# [Task prompt]
Please transcribe the listing below in full and word for word, without its pictures.

# [Dataset content]
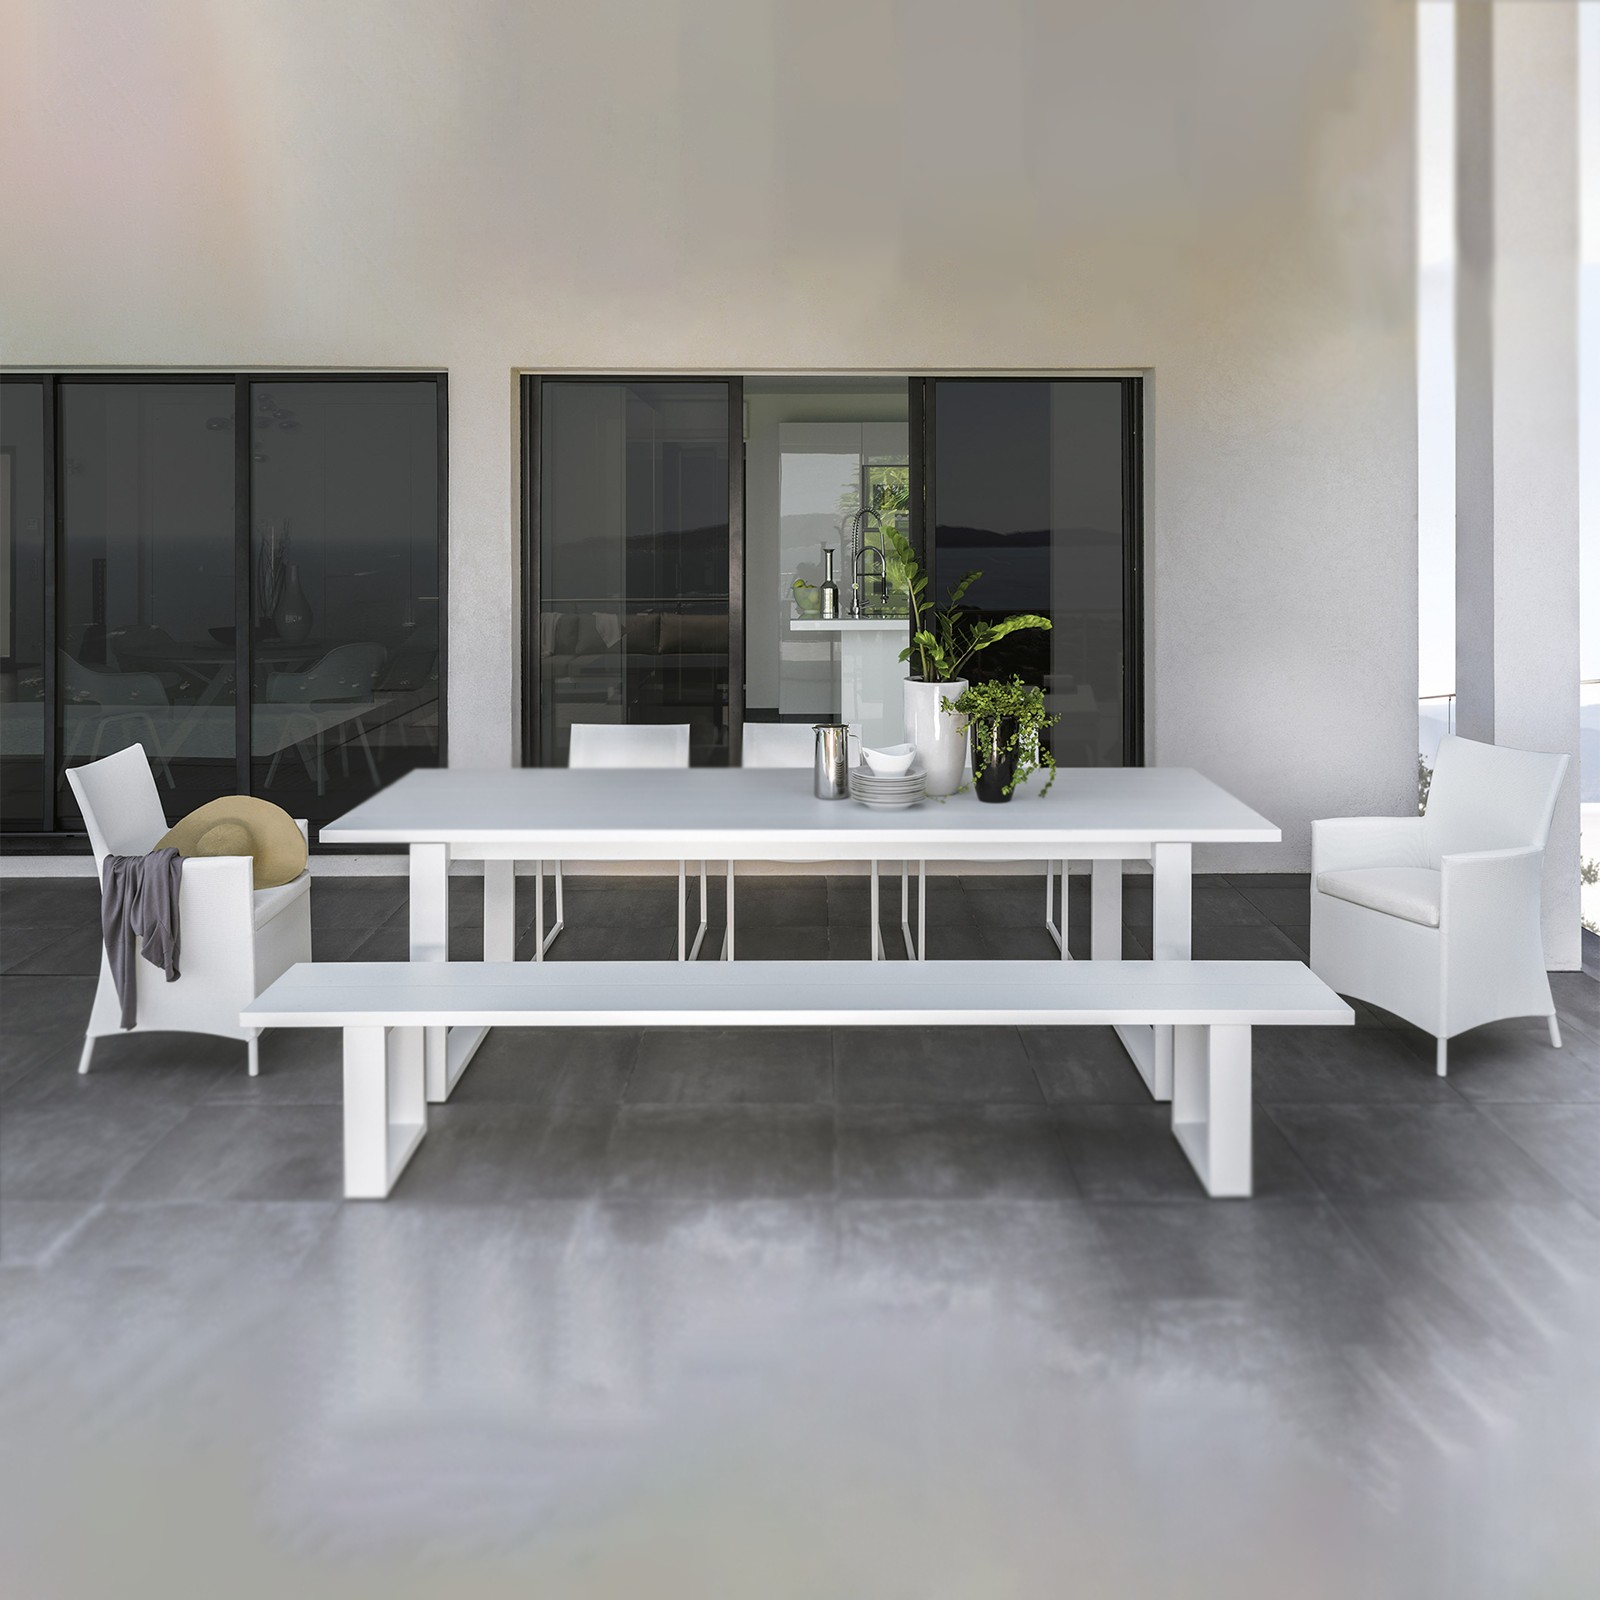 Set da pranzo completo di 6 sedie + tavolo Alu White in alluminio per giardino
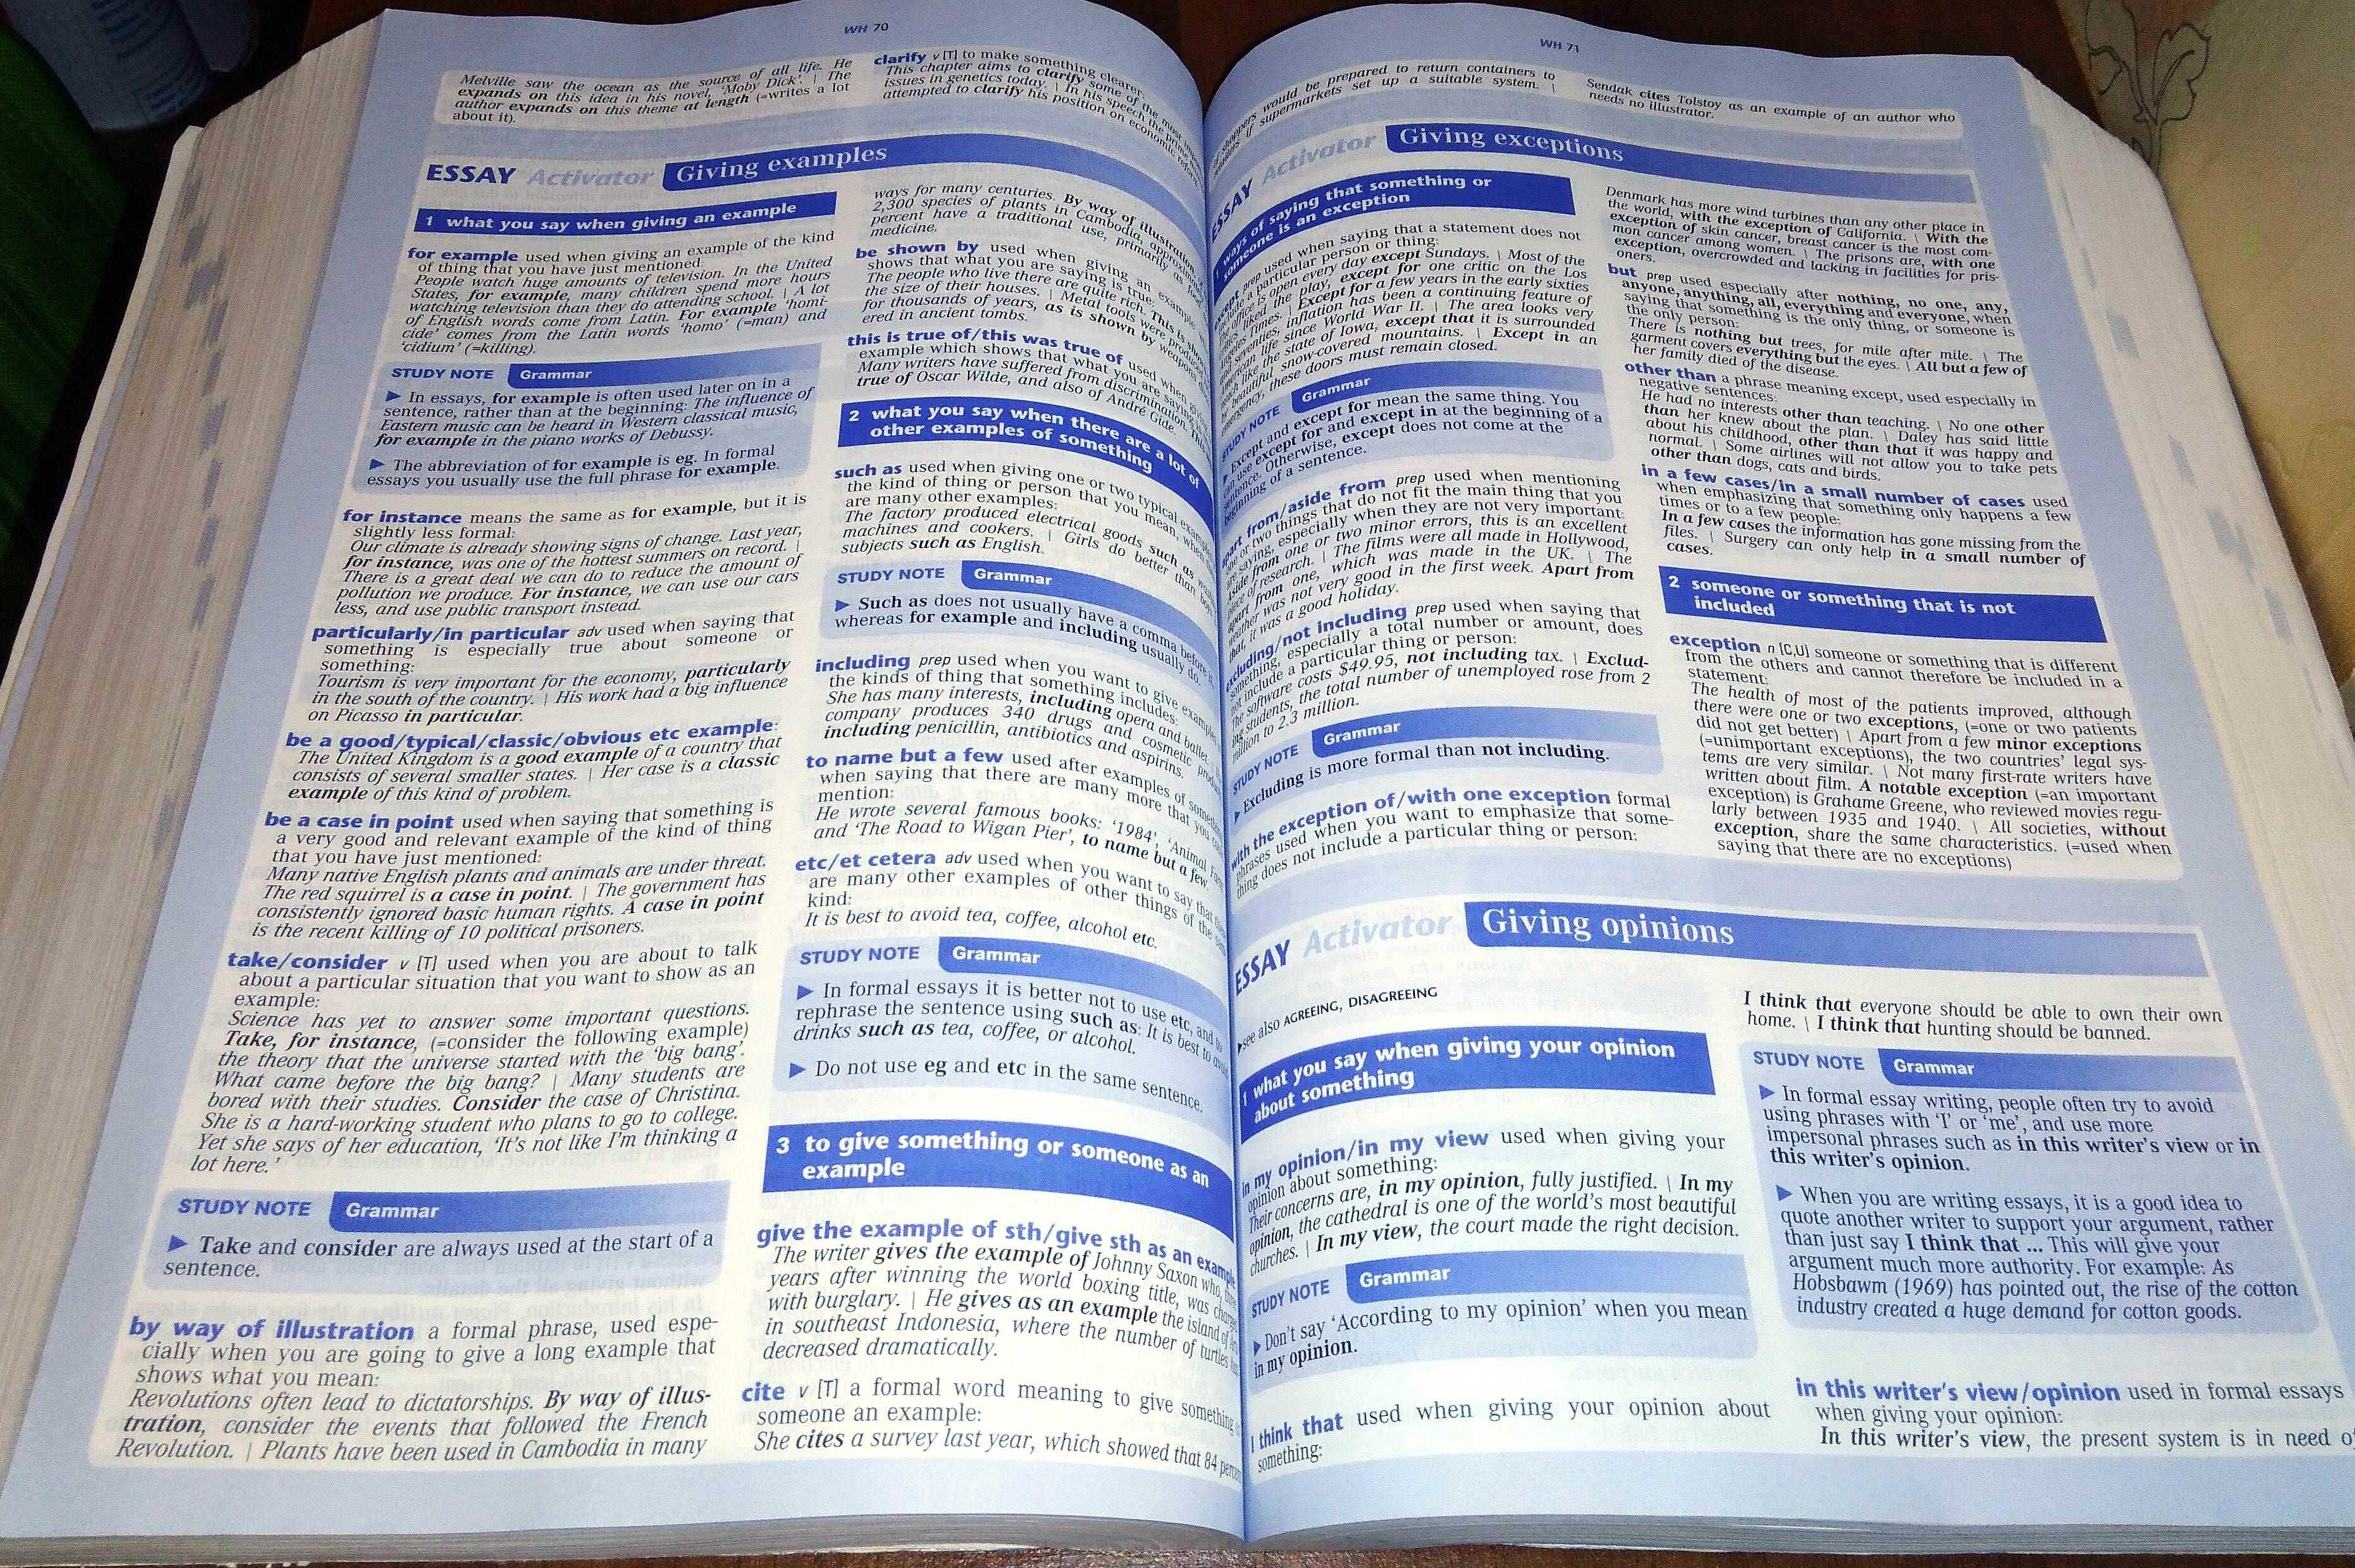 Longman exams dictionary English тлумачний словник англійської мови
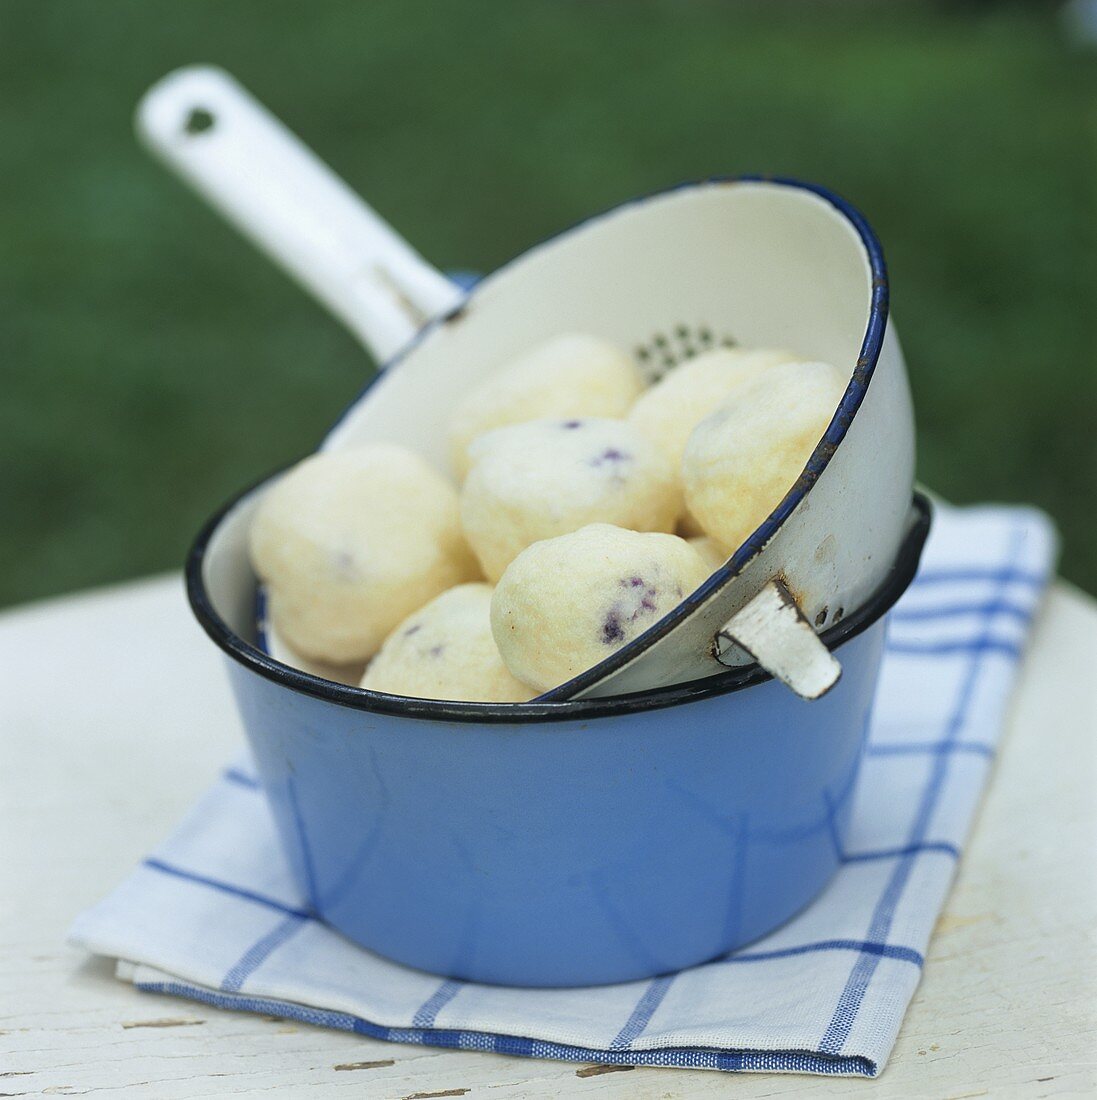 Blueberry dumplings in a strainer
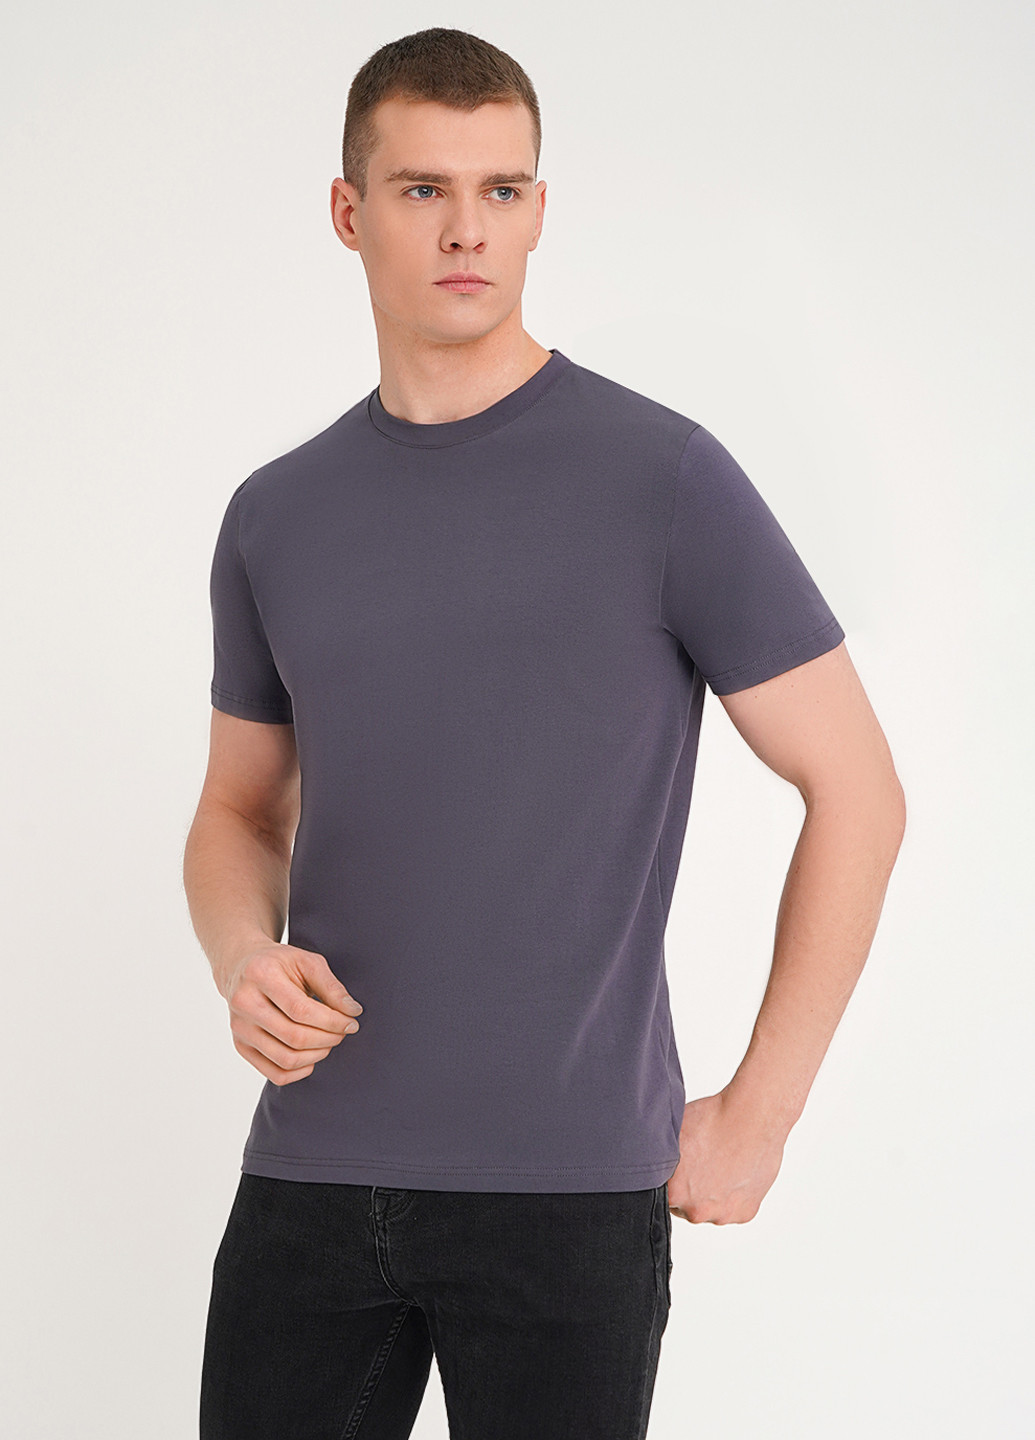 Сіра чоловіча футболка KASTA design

# [Completed exercise]
 Set da pranzo completo di 6 sedie + tavolo Alu White in alluminio per giardino
 Longman exams dictionary English тлумачний словник англійської мови
 Blueberry dumplings in a strainer
 Сіра чоловіча футболка KASTA design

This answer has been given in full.